A Reforma Ortográfica da Língua Portuguesa

A ortográfica da língua portuguesa, desde que foi proclamada a independência do Brasil, vem sendo discutida; primeiro na época da independência os escritores acharam que a separação deveria ser cultural também e criaram uma ortografia nacionalizada; muitos anos depois precisamente 1924, buscaram uma ortografia comum aos dois países. Em 1945, chega-se a um acordo de unificação, que em Portugal tornou-se lei, mas no Brasil o Parlamento Brasileiro não legitimou a lei, portanto…

Agora se fala em “reforma ortográfica da língua portuguesa”; pensei: mas para que isso? Surgirão mais dificuldades; dos professores, de pessoas que já não escrevem bem, gastos com impressão de novos livros, desgaste de se absorver a nova escrita; educadores terão que ser preparados novamente.    Muitos países da Europa lançam dicionários anualmente, em nosso País isso acontece em prazos incomparavelmente maiores, fora o custo que acarretaria com dicionários e livros didáticos para nossa população de maioria carente. E será que não seria um movimento voltado para algum interesse político? E não para melhorar a grafia ou o intercâmbio entre os povos dos países que falam o idioma português! Pois apesar de oito Países envolvidos nessa reforma falarem o idioma português, o povo tem diferentes características; palavras que são escritas da mesma forma, mas que tem outras conotações.

Li em um dos artigos da Folha “quem faz a língua é o povo na rua”, pois então só poderemos unificar a escrita, o sentido vai continuar a se diferenciar. E será que acontece essa unificação? Portugal foi resistente em concordar; com essas mudanças que deveria ter sido iniciada em janeiro de 2008, posteriormente transferida para janeiro de 2009. Mas é preciso três países assinar essa unificação do idioma para que aconteça.  Portugal e Brasil construíram essa proposta juntos com o objetivo de aproximar os povos não de desunir, no entanto não conseguem chegar a um consenso.

No entanto pesquisas sobre o assunto mostram o quanto benéfico será a mudança e a necessidade dela. O fato de a língua portuguesa ser o terceiro idioma mais falado no ocidente, e o sexto mais falado do mundo, e em virtude de existir mais de uma ortografia para a língua, esse fato dificulta a divulgação do idioma e a sua adoção em fóruns internacionais.

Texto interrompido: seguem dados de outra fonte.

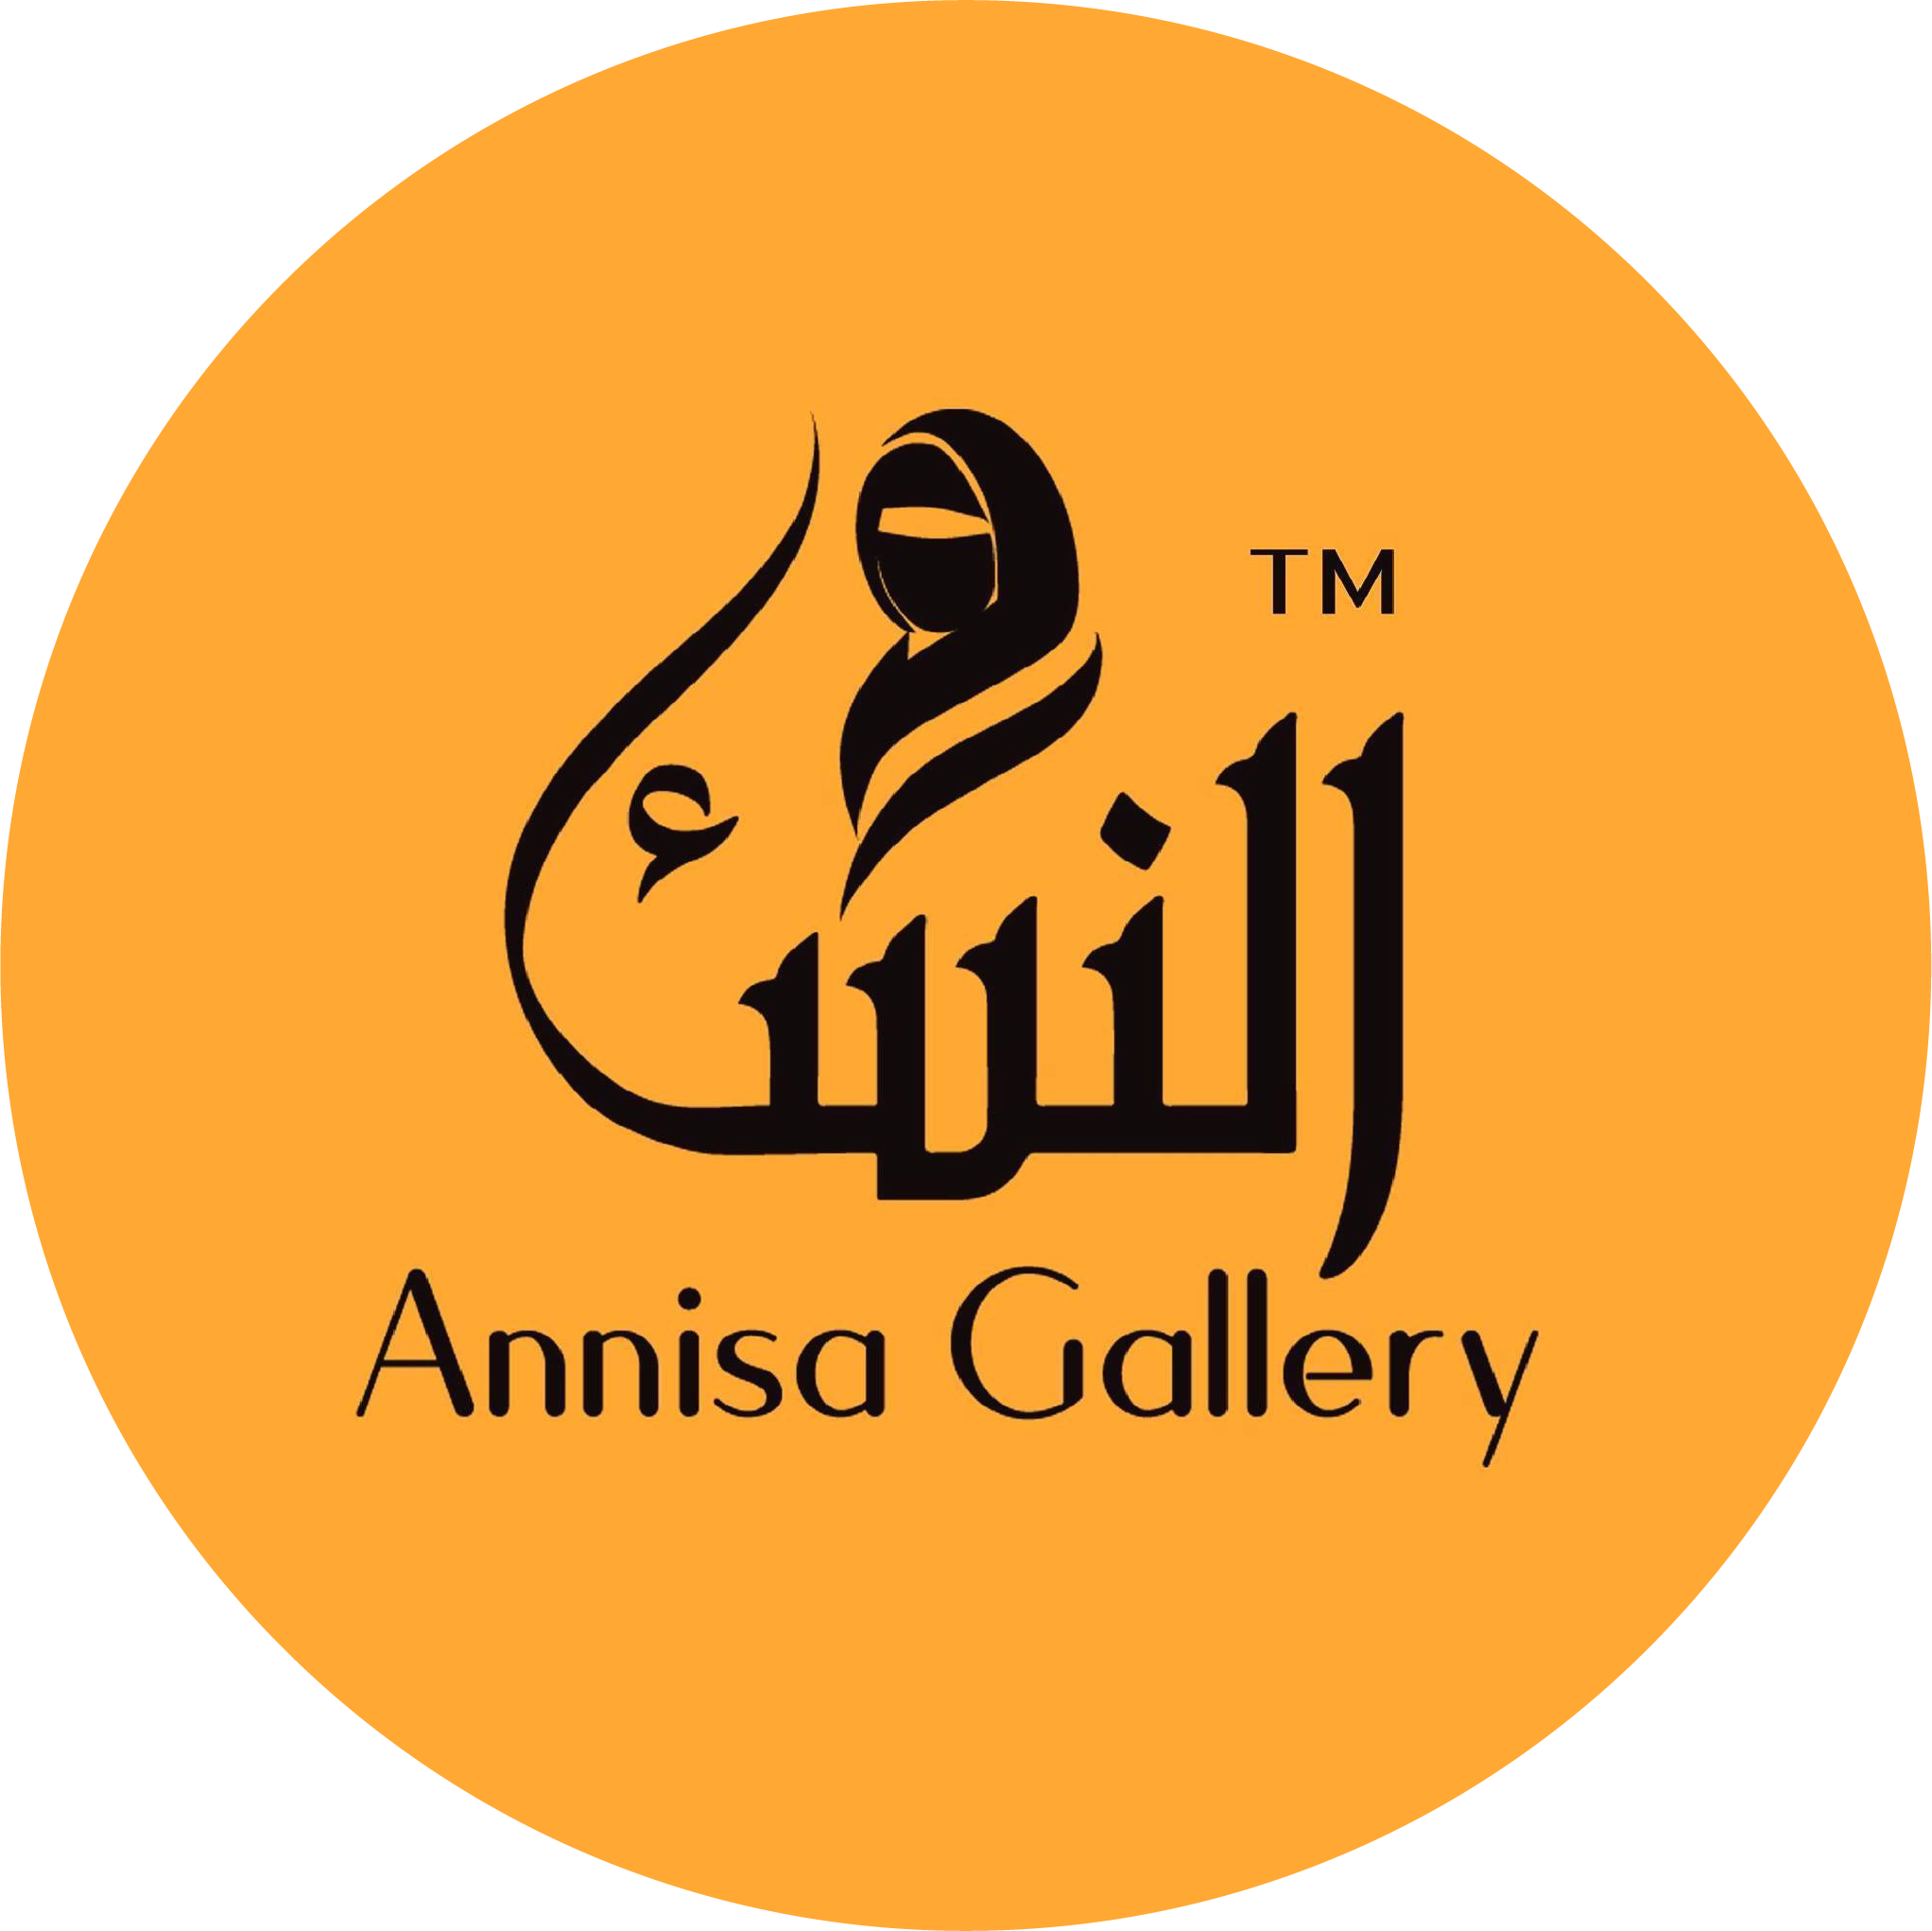 Annisa Gallery

A mudança colocaria a língua portuguesa ao nível de uma cultura superior, dizem alguns especialistas; aumentaria a difusão de obras literárias produzidas nos países que falam o idioma português, difundindo o interesse pela literatura das comunidades que falam o idioma lusofónico.

Thaís Nicoleti de Camargo em sua matéria na Folha de São Paulo cita:

– Uma língua é muito mais que a sua ortografia. “È um sistema de representação verbal que permite a comunicação entre os indivíduos.” E porque não aumentar essa comunicação entre indivíduos que falam o mesmo idioma.

Apesar de tantos, vai ser bom, não, não, vai ser ruim, e prejudicar este fator e beneficiar aquele Pais; de alguns educadores propagarem que as mudanças serão drásticas, mas a maioria diz que somente 2% dos 228 mil verbetes sofrerão modificações e serão incluídas letras que não fazem parte de nosso alfabeto hoje em dia, como K, W e Y, pois com a influência do idioma inglês em nossa cultura muitas pessoa tem nomes com letras que não constam em nosso alfabeto; e não serão somente as letras do alfabeto que sofrerá mudança, será abolido o trema, que já é praticamente ignorado e alguns acentos sofrerão inclusão e outros serão excluídos, me parece que a mudança trará mais benefícios do que malefícios, quanto às dificuldades, custos; não é possível haver mudança sem custos, pois todo e qualquer material didático tem custo; mudança boa ou má requer adequações; também existe um prazo para tudo isso mudar e entrar em vigor, o fato é que se a mudança trouxer maior propagação do nosso País, que é um dos que possuem maior população falante do português também crescer a integração social e econômica estimulando a nacionalização do nosso País, já vale a pena. O Brasil precisa ser mais propagado para poder ser mais valorizado internacionalmente e poder crescer, conto que essa unificação traga também esse beneficio.